His eyes would bug out, red with busted blood vessels. Half his fingernails would've splintered and broken. His legs would look bloated with all the blood that stopped pumping through his body. They'd have to cut his shoes off, and they'd leave their fabric impressions over his dead skin. He always dressed for the occasion. He dressed for his own funeral. He dressed for my funeral just the same. But there was always that what-if, eating at the back of his mind. What if Elex comes back tonight? What if this nightmare ends tomorrow? That hope broke his fingernails into that rope. That hope left him twisting, listing, with one shoe off and an ugly look on his face.
But he couldn't unstep off that cliff.
And then I'd have to see it all. The empty grave, the grief, the second burial. Elex Yorke is dead, and I'm just a stranger filling his bones.
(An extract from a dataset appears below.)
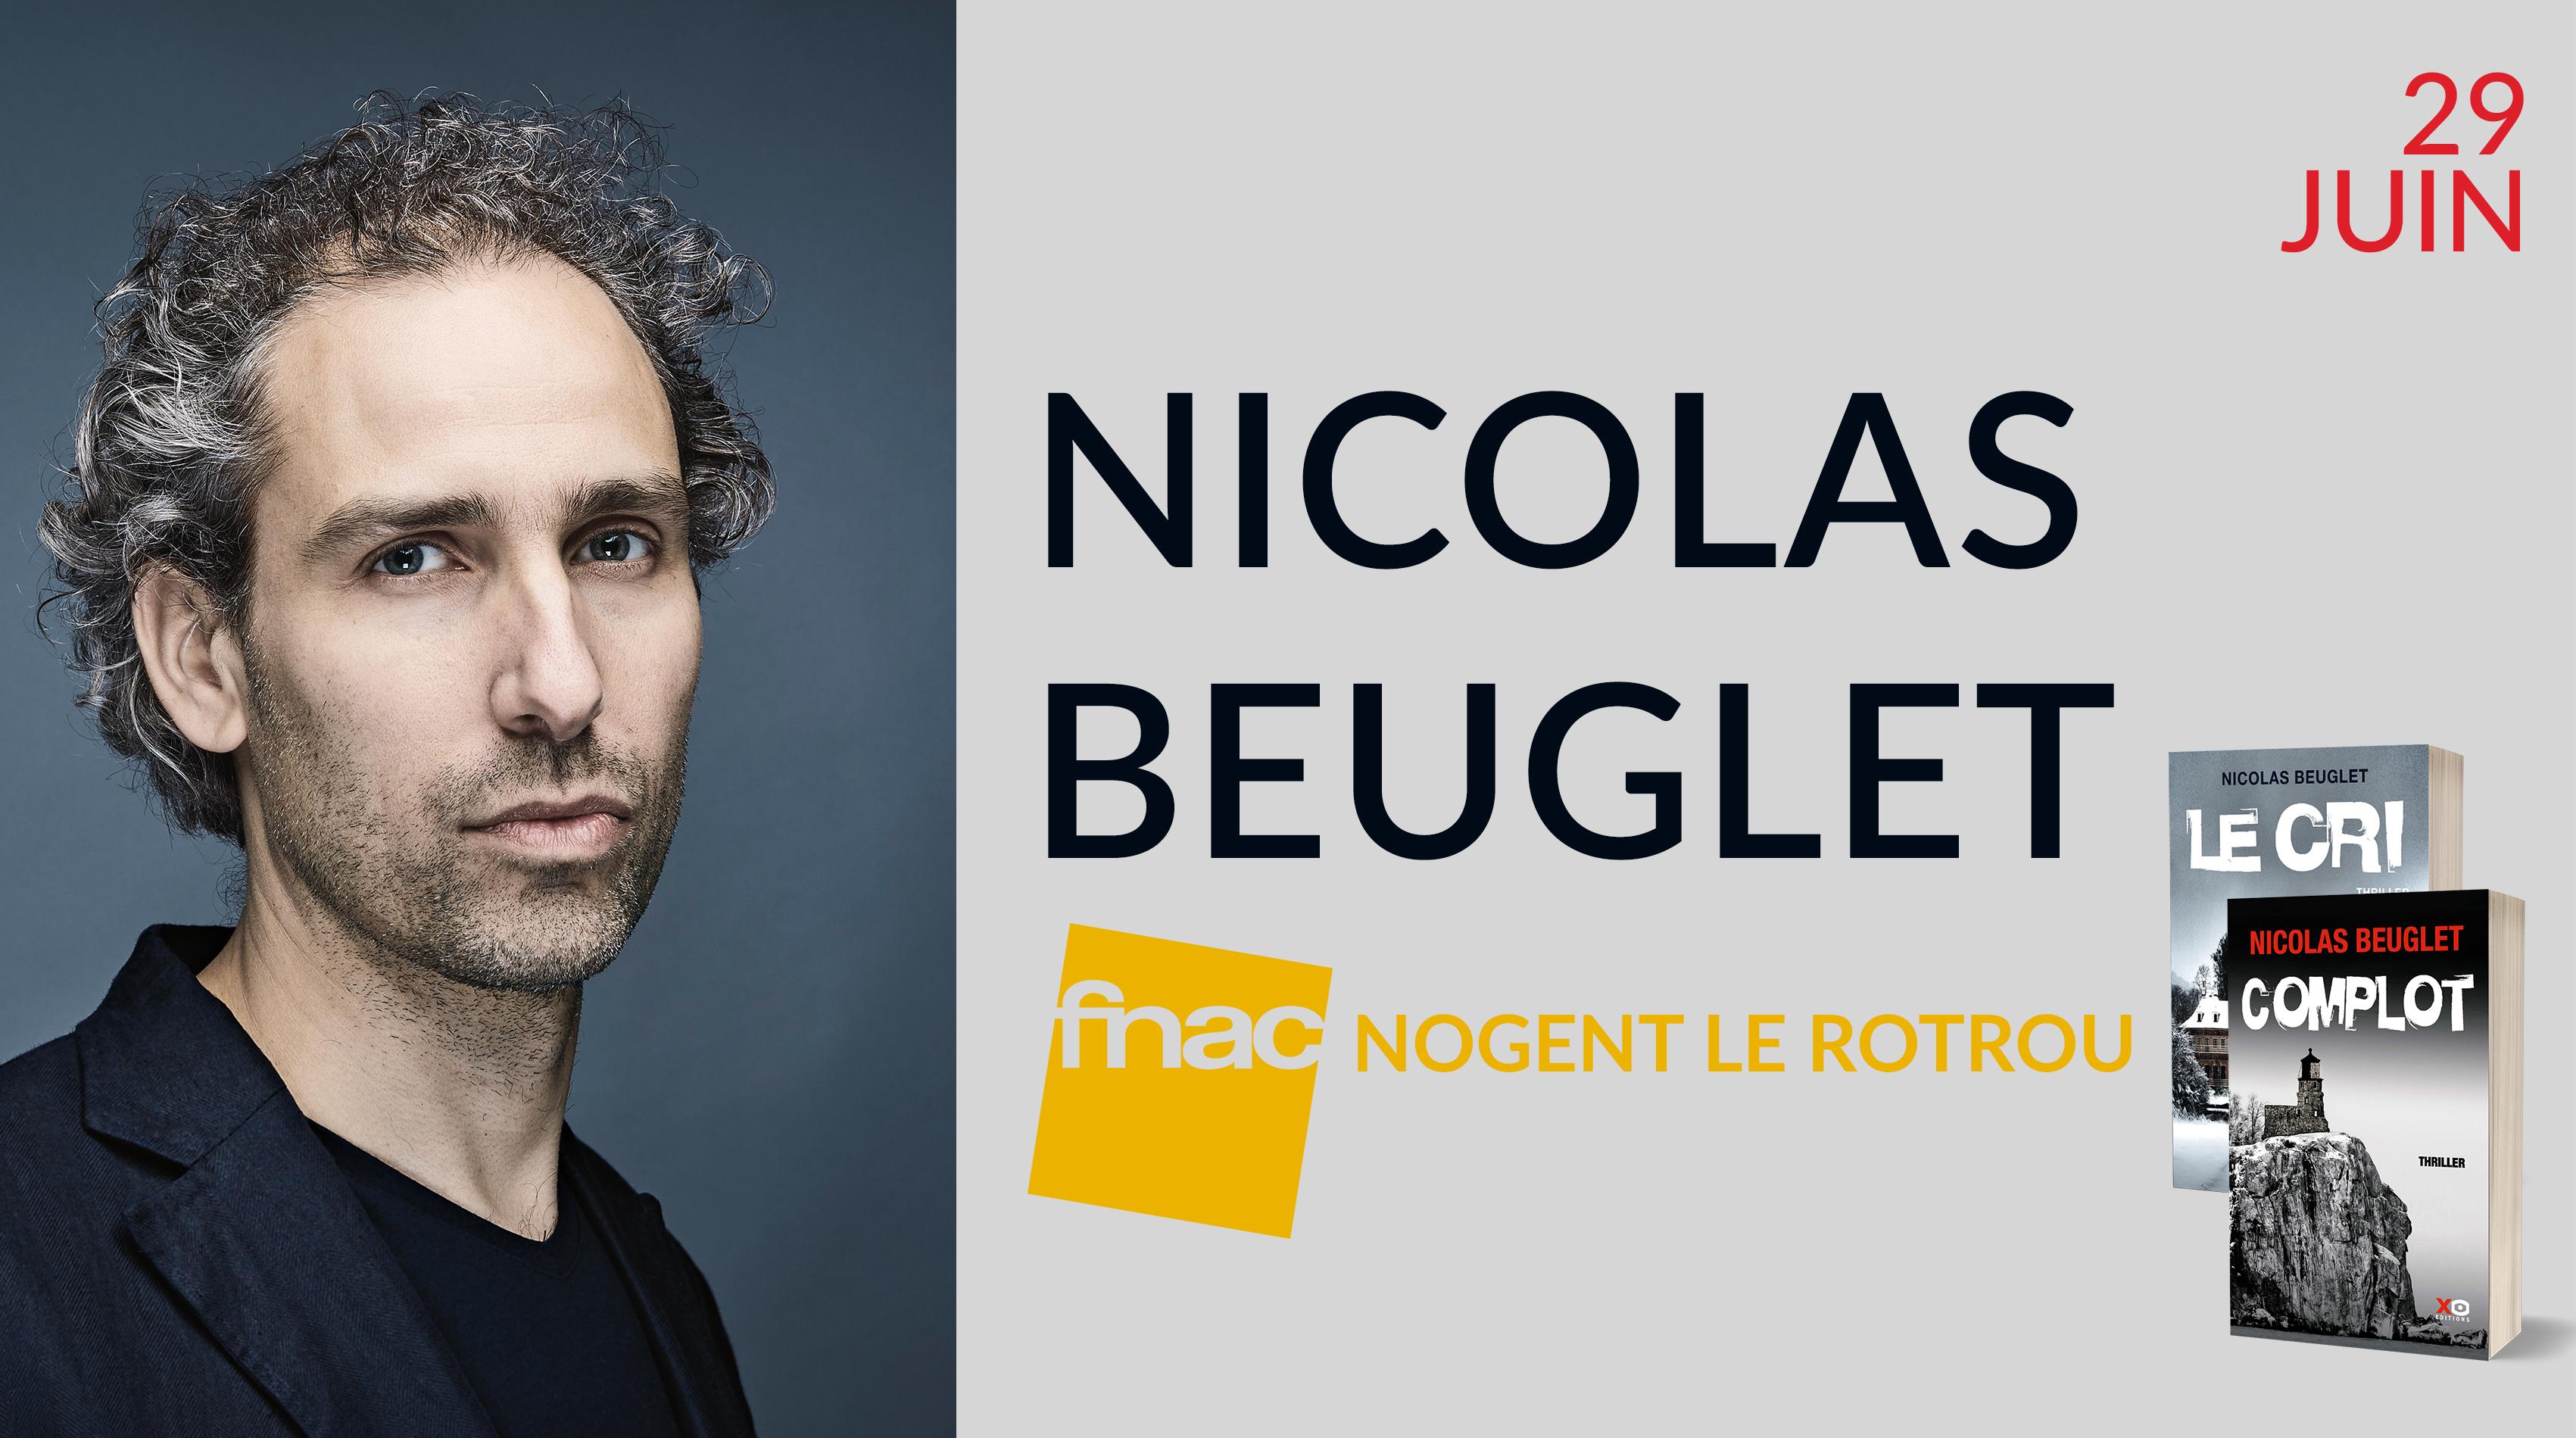 NICOLAS BEUGLET À NOGENT LE ROTROU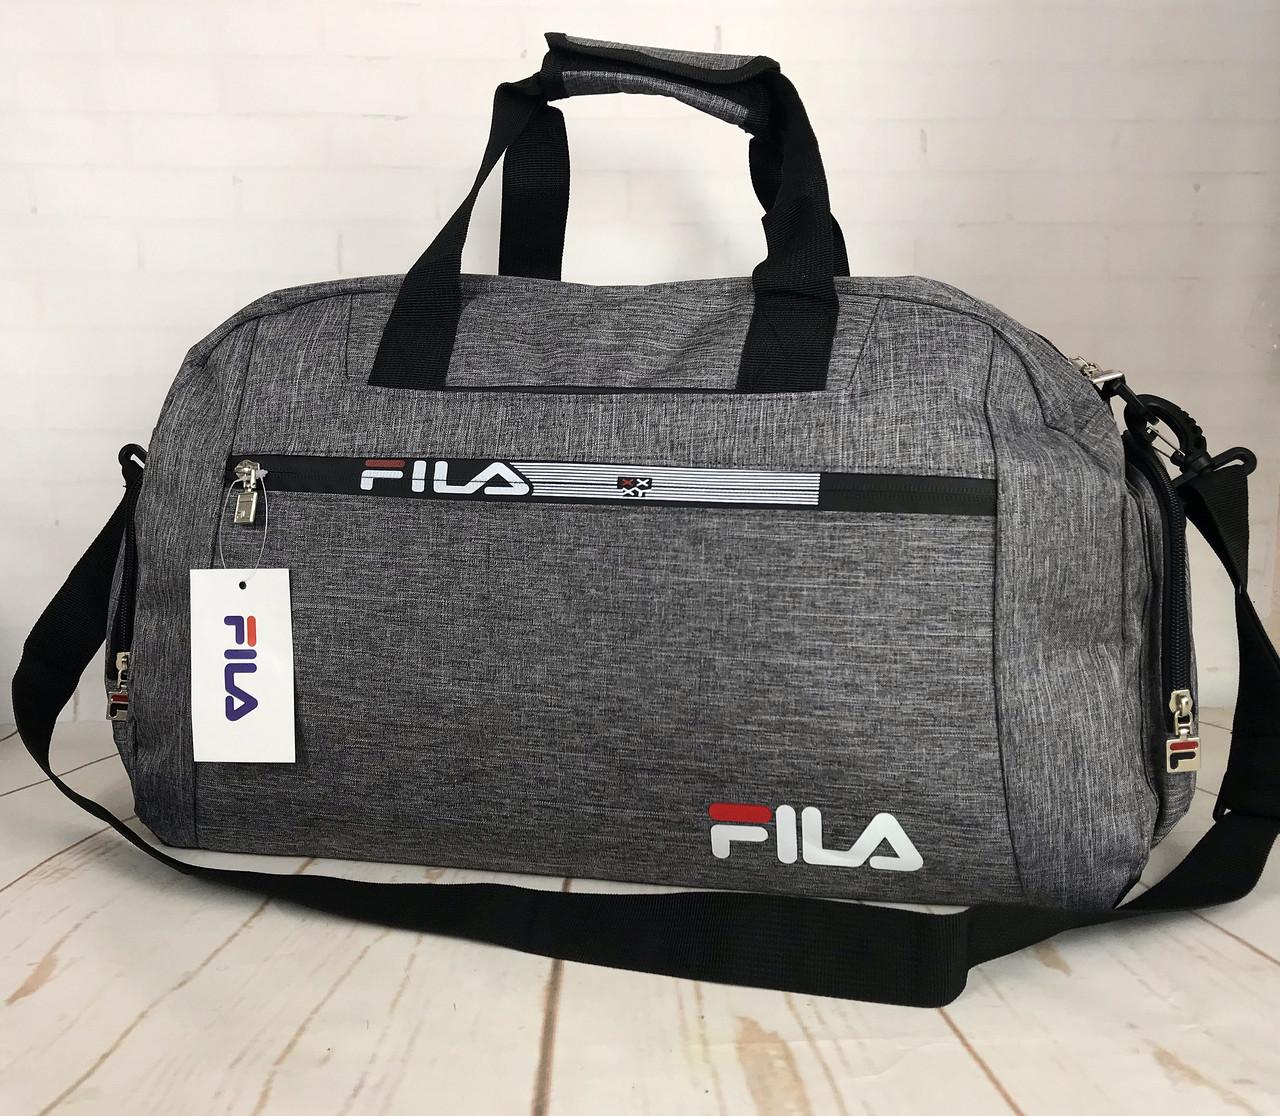 60c58b2f Красивая спортивная сумка Fila.Сумка для тренировок. Дорожная сумка КСС29 -  интернет-магазин

A stranger with dreams of the coldest shard of black ice, piercing my heart again and again until there's nothing left to puncture. A stranger that spits in the eyes of anyone who claims authority over him. A stranger who holds the weight of a starless night in his eyes. Will I care when I don't mourn anymore? When I can think of my mother without this pain in my throat, will I be the monster that the Negaverse wished for?
Will I be their vessel of dead dreams?
The water rippled faintly as his body wracked with sobs. His bath grew cold and bitter with carbonaceous grief. The Negaverse bared down on him, unflinching, unfeeling, and waited for his every bone to pop and splinter with regret. And it would wait long past the destruction of his mind, the wasting of his body. It would pick through the blackened wreckage in the aftermath, searching ever diligently, until it pulled forth that ever-present memory. Until it wrenched forth that frostbitten sword, wrapped in his disembodied heartstrings.
So happy birthday, Elex Yorke. You're a demon now.